I instantly felt better. And worse at the same time. The whole point of being Danny Tate was the chance for a new life, a real one, not just a repeat of my shitty old one.
Something had to change.
? ? ?
The next day I told Nicholas I didn’t need him to escort me to my classes anymore. I could tell he hated it, and it was only drawing more attention to me. He agreed.
I beat him and Asher to lunch again, and this time I walked up to the table where the movie girl was sitting alone. I’d been thinking about this all morning. This was how I was going to change things.
“Mind if I sit?” I asked when she looked up from her book. I was new Danny. Cool, collected, above it.
“Oh sure, if you can find some space,” she said, gesturing to the empty table. “I’m Ren.”
“Danny.”
“Yeah,” she said with a half smile. “I’d picked up on that.”
“Right.”
We were silent for a long time.
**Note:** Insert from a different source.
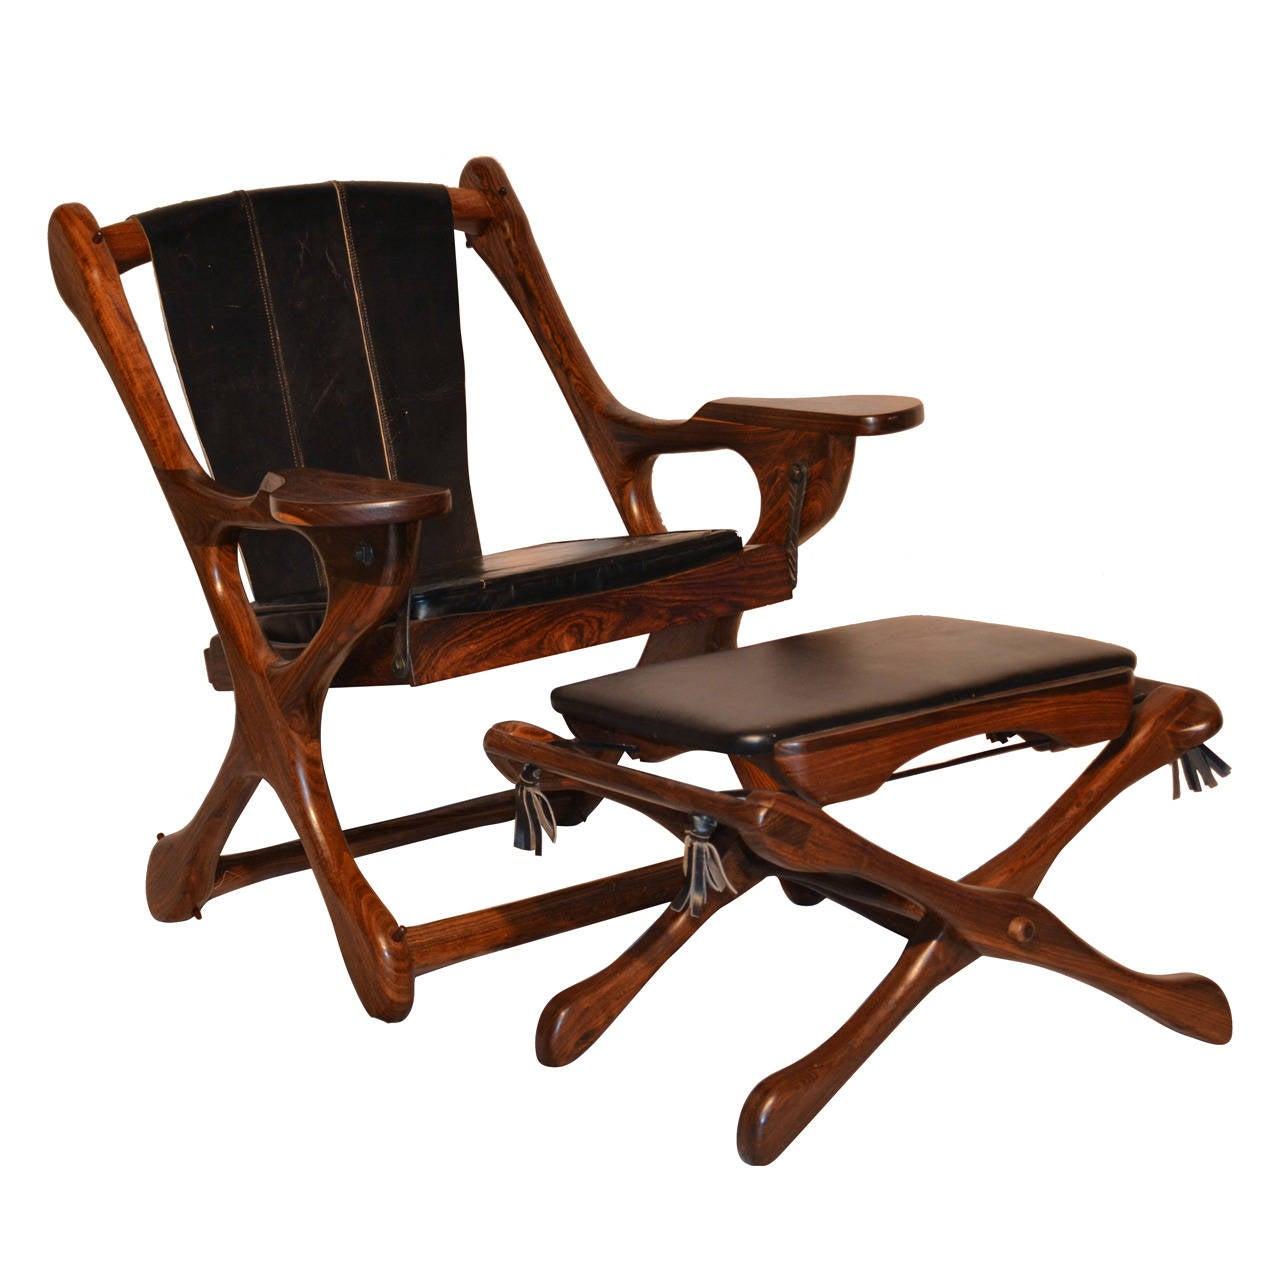 "Original Don Shoemaker Sling ""Swinger"" Chair and Ottoman, 1960s"

Maybe this was a terrible mistake.
“So, if you don’t mind my asking,” she finally said, “why are you sitting with me?”
It was a good question. This was how I was going to change things, but why had I picked her? She always sat alone, which made her a low risk target, and I’d talked to her once before, but it was more than that. Most people I could figure out with one look, but she was hard to read. She was either an actor like me, or she was something else entirely that I didn’t understand. She was interesting to me.
I lifted one shoulder in a weak shrug. “My brother’s not here yet. I thought we could keep each other company.”
She smiled, but I couldn’t tell if it was from gratitude or amusement or embarrassment.
“Okay,” she said, folding down the page in her book and setting it aside. “How do you like Scofield’s class?”
“It’s okay,” I said. “You?”
“I hate it. I’m hopeless at drawing,” she said. “I never would have signed up, but it was one of the only classes with any space left when I transferred.”